**Data extract**:
○ ○ ○ ○

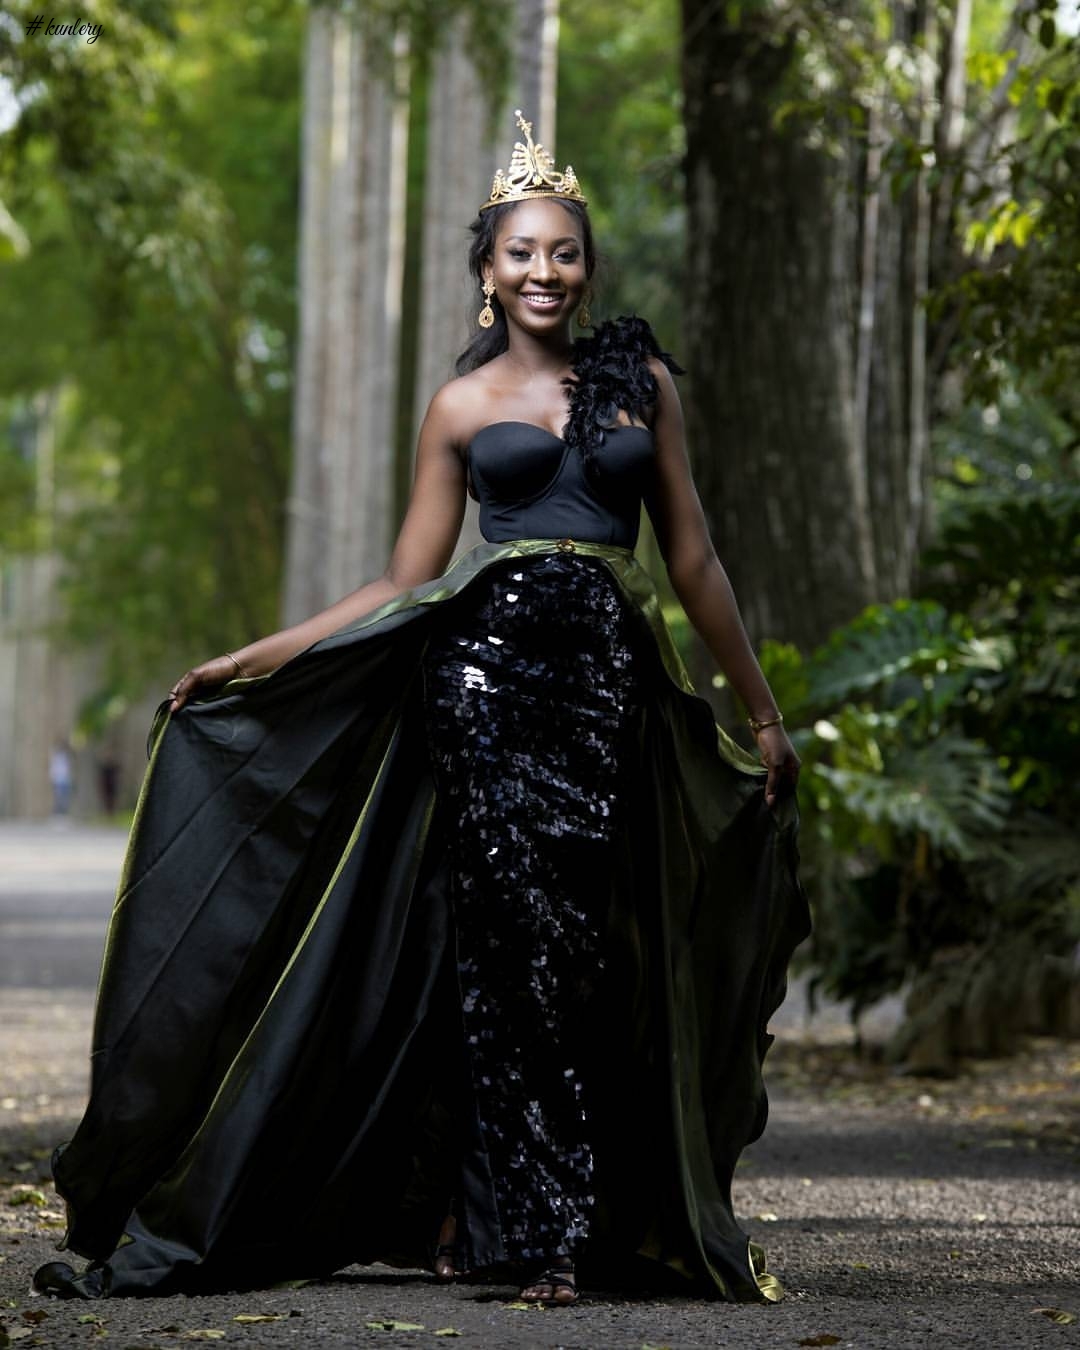 Miss Malaika Stuns In New Editorial In Elegant Sequined Dress As The Reigning Queen
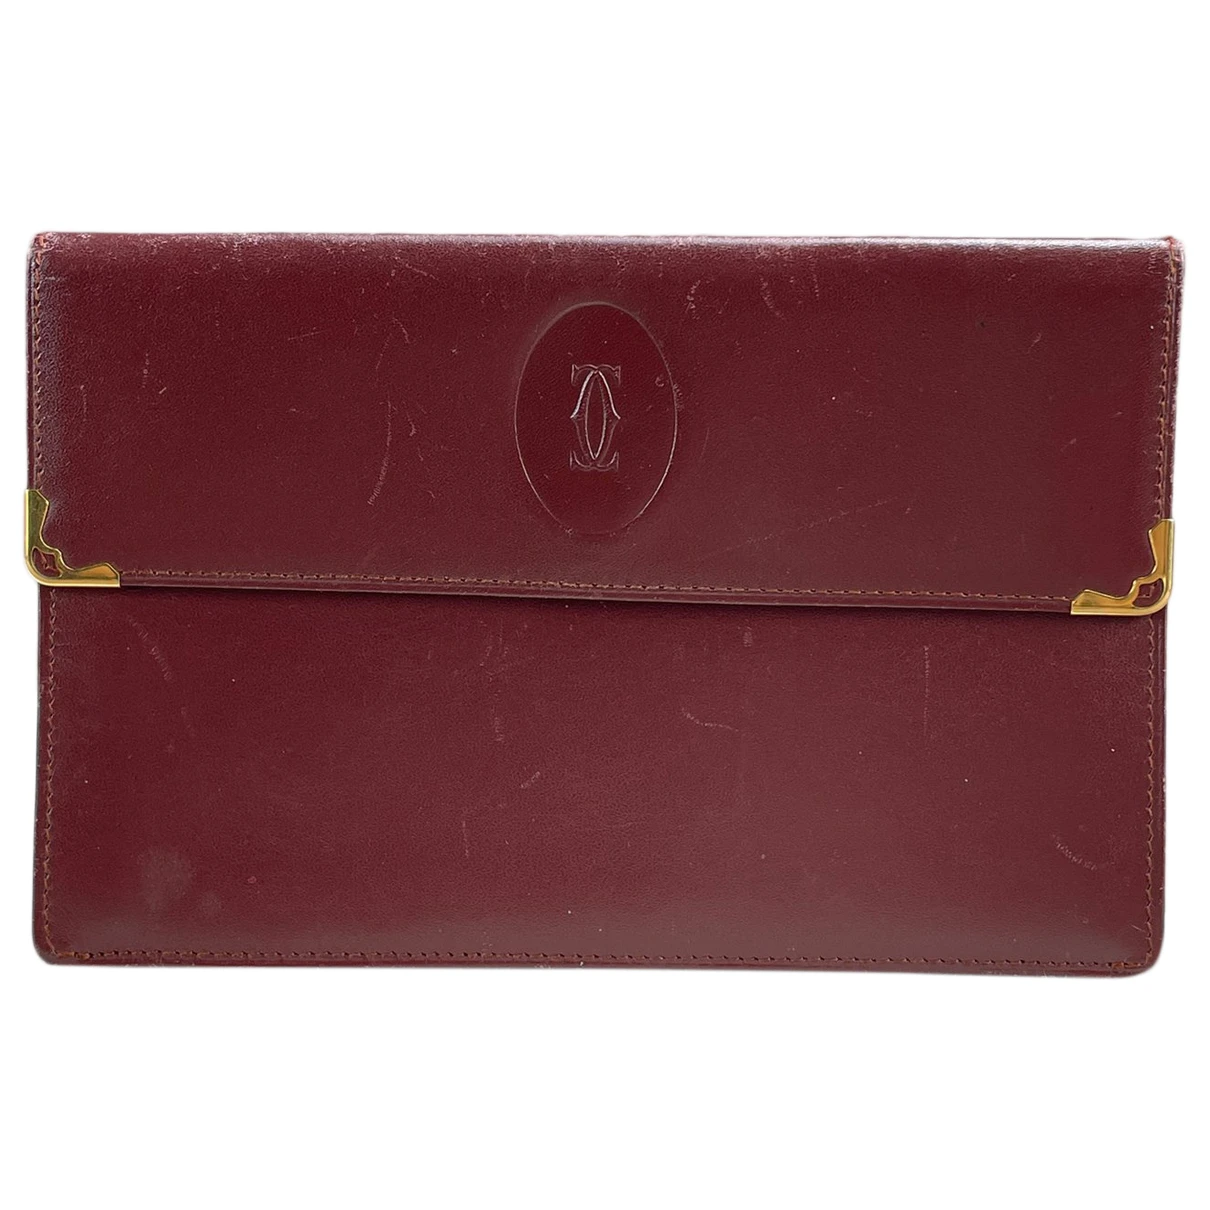 Pre-owned Cartier Patent Leather Small Bag In Burgundy
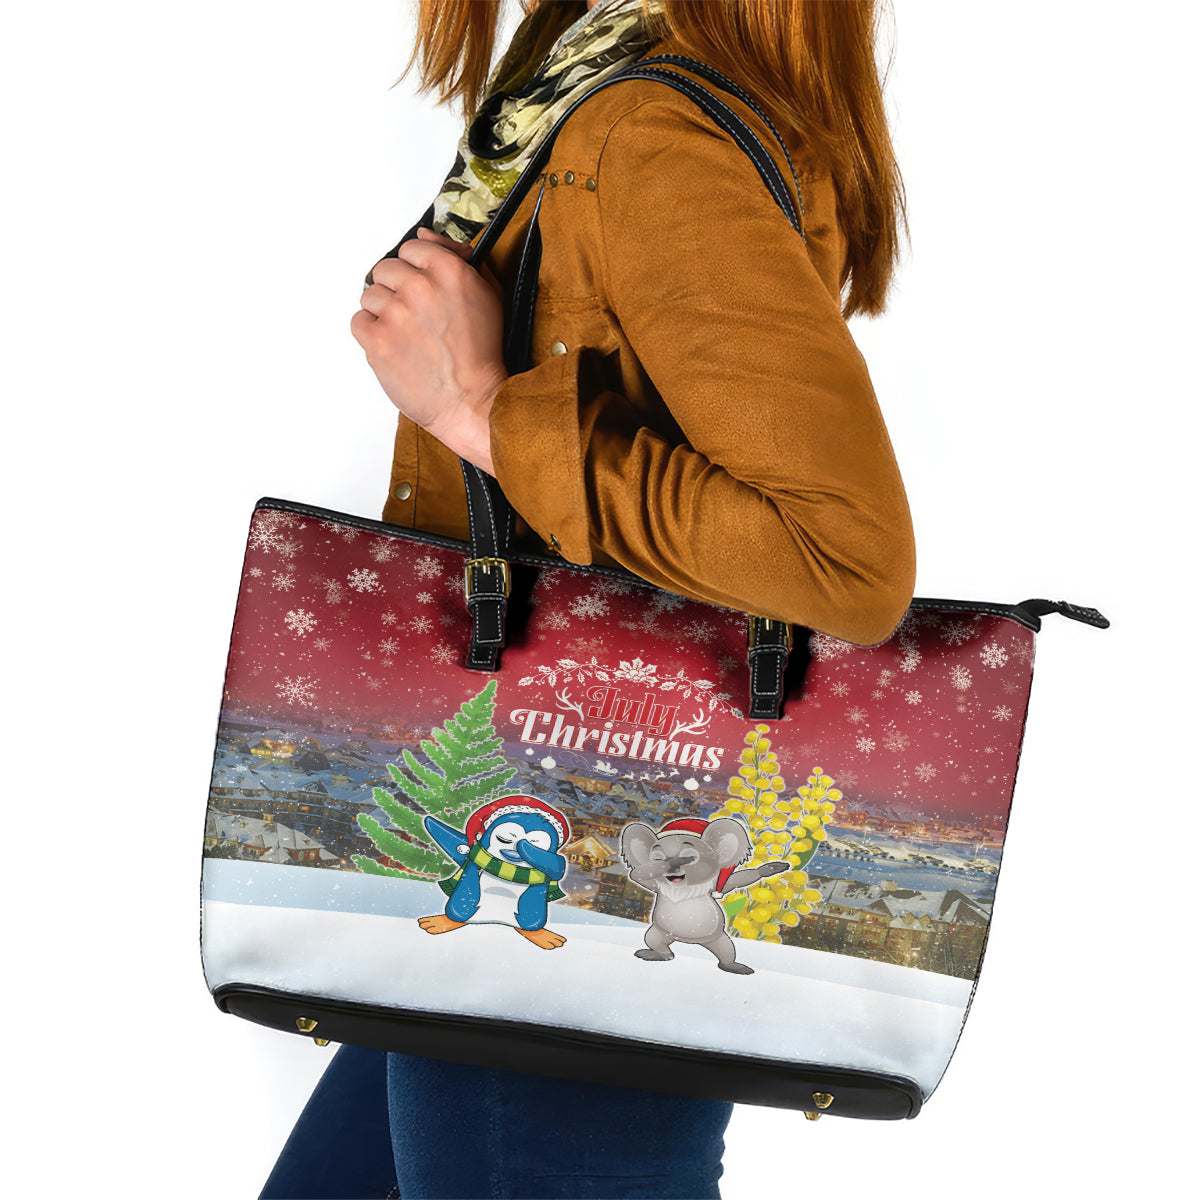 Christmas In July Leather Tote Bag Funny Dabbing Dance Koala And Blue Penguins
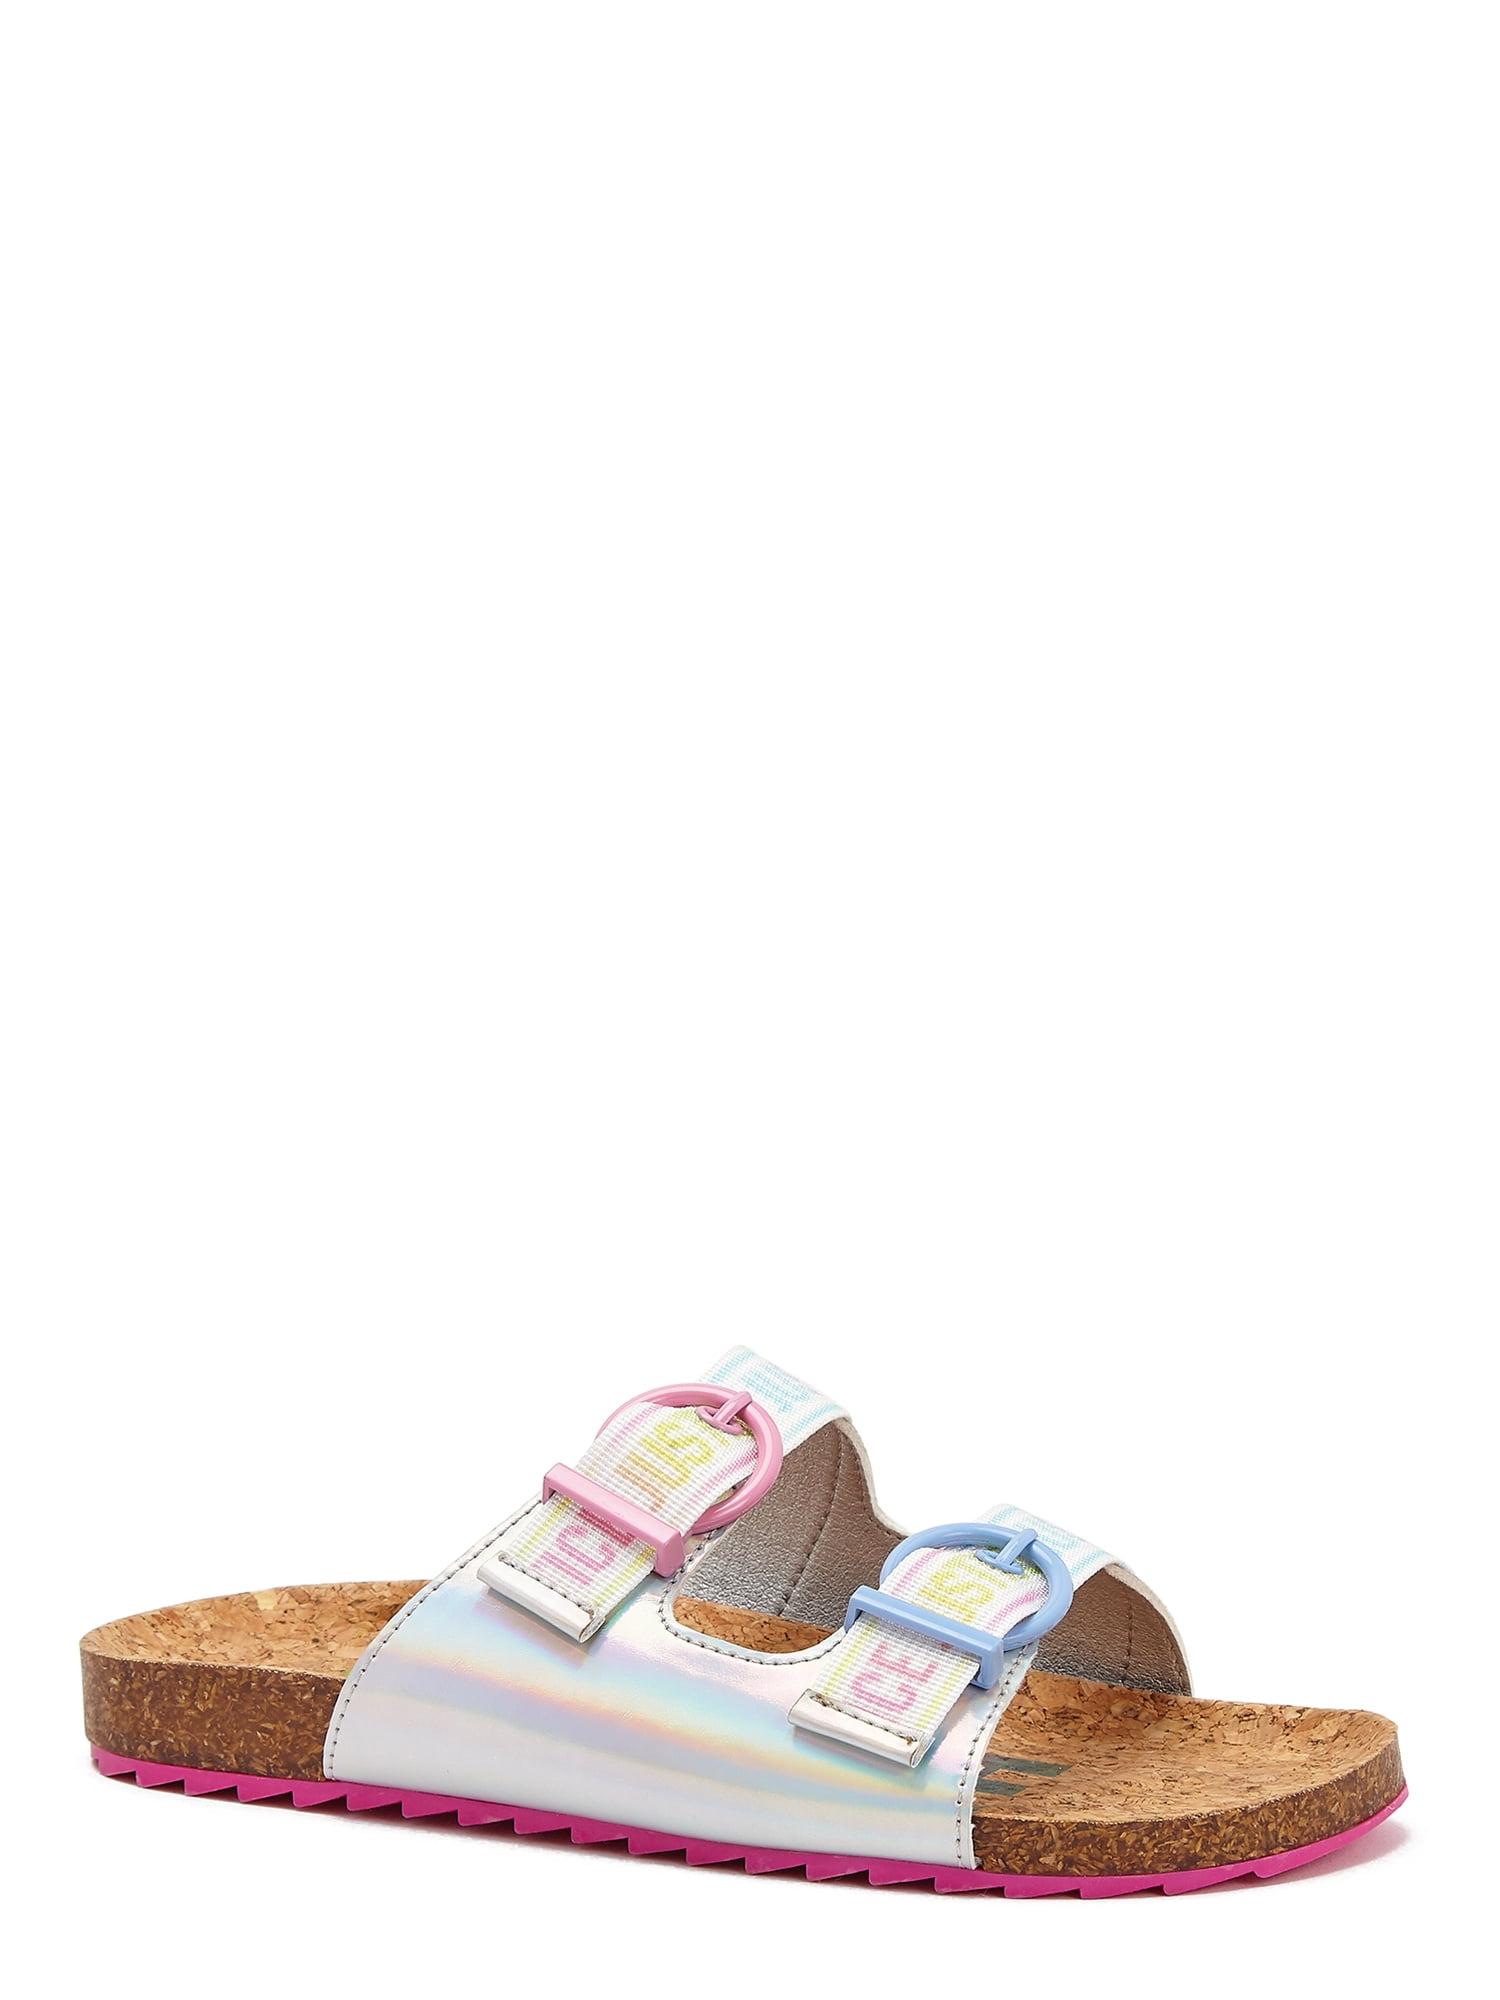 Girls Summer Sandals Iridescent Footbed Mules Holographic Comfort Shoes Size

○ ○ ○ ○

**Task directions**: Reproduce the listing exactly. The pictures are to be omitted.

**Answer space**:
 Miss Malaika Stuns In New Editorial In Elegant Sequined Dress As The Reigning Queen
 Pre-owned Cartier Patent Leather Small Bag In Burgundy
 Christmas In July Leather Tote Bag Funny Dabbing Dance Koala And Blue Penguins
 Girls Summer Sandals Iridescent Footbed Mules Holographic Comfort Shoes Size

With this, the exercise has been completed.